The graph dividing algorithm based on JA-BE-JA adopts the graph coloring problem, is simple in calculation and strong in locality, can avoid local optimization, but gradually increases the running time along with the increase of iteration times, and is not suitable for dynamic graphs such as RDF knowledge graphs, which are larger and larger along with the time. Meanwhile, the graph dividing algorithm is mainly aimed at undirected graphs, but is not applicable to directed graphs such as RDF knowledge graphs, and the like.

Fig. 1 shows a flowchart of a knowledge graph dividing method provided by an embodiment of the present disclosure. As shown in fig. 1, the knowledge graph dividing method may include the steps of:

101, determining the weight of the nodes in the knowledge graph according to the semantic information of the nodes in the knowledge graph and the semantic information of edges between the nodes;

102, partitioning the knowledge graph according to the weight of the nodes in the knowledge graph and the structural information of the knowledge graph;

and 103, dividing the nodes to be divided into target partitions according to semantic similarity between the nodes to be divided in the knowledge graph and each partition of the knowledge graph.

The knowledge graph dividing method provided by the embodiment of the disclosure can be executed by any device, equipment, platform or equipment cluster with computing and processing capabilities.

In the embodiment of the disclosure, the knowledge graph may be generated based on structured data and/or unstructured data in a preset domain. The preset fields may include, but are not limited to: telecom, finance, medical and/or insurance etc.

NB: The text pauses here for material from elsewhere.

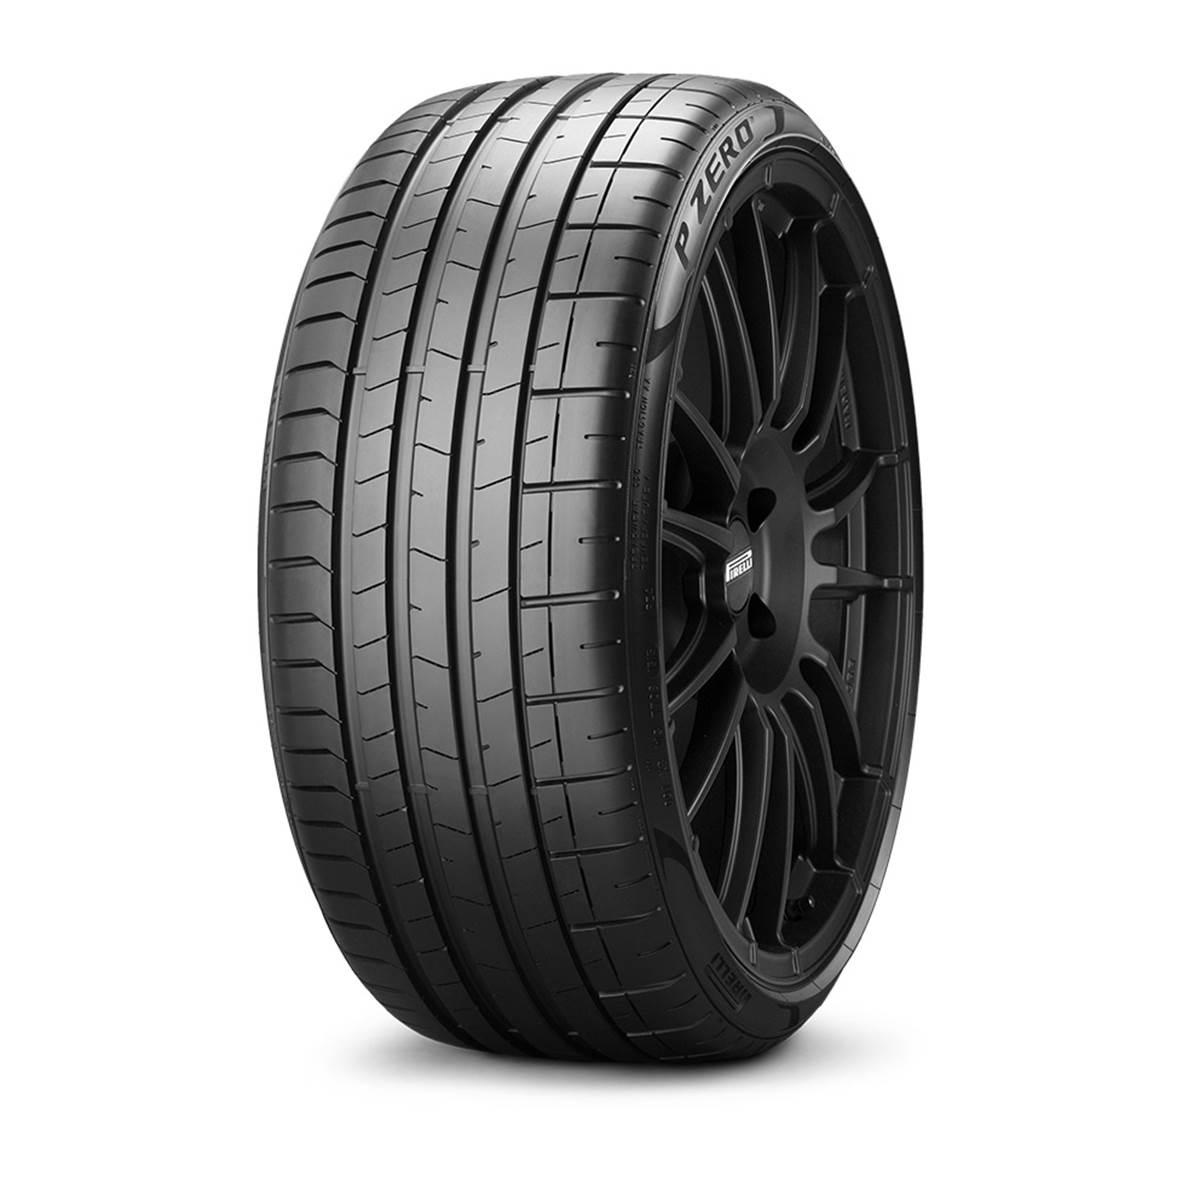 Pneu Pirelli 225/40R18 92Y P-Zero homologué Audi XL

The knowledge graph may be an RDF graph. RDF graphs describe relationships of entities or entity to entity attribute values in the manner of RDF triples. In addition, the knowledge graph can be other types of knowledge graphs, such as an attribute graph, a directed label graph and the like.

Nodes in the knowledge graph are used to represent entities. Edges in the knowledge graph have directions for connecting two nodes, representing entity-to-entity relationships or entity-to-entity attribute value relationships.

The semantic information of the node refers to semantic features of the node information of the node. The node information may include node attribute information and/or association relationships between nodes. The node attribute information may include node identification, node name, node type, etc. The node identification refers to an identification for uniquely identifying the node in the knowledge graph, and may be the number of the node according to a certain ordering rule, for example, the initial value may be set to v1, and the sequence number may be v1, v2, … …, and the like.

The semantic information of the side refers to semantic features of the side information of the side. The side information of the side may include side attribute information and/or an association relationship of the side. The side attribute information may include a side identifier, a side name, a side type. The edge identifier refers to an identifier for uniquely identifying an edge in the knowledge graph, and may be the number of the edge according to a certain ordering rule, for example, the initial value may be set to e1, and the sequential number may be e1, e2, … …, etc.

Each node in the knowledge graph has a corresponding weight value, and the weight value of each node is used for reflecting the weight relation between the entities corresponding to each node.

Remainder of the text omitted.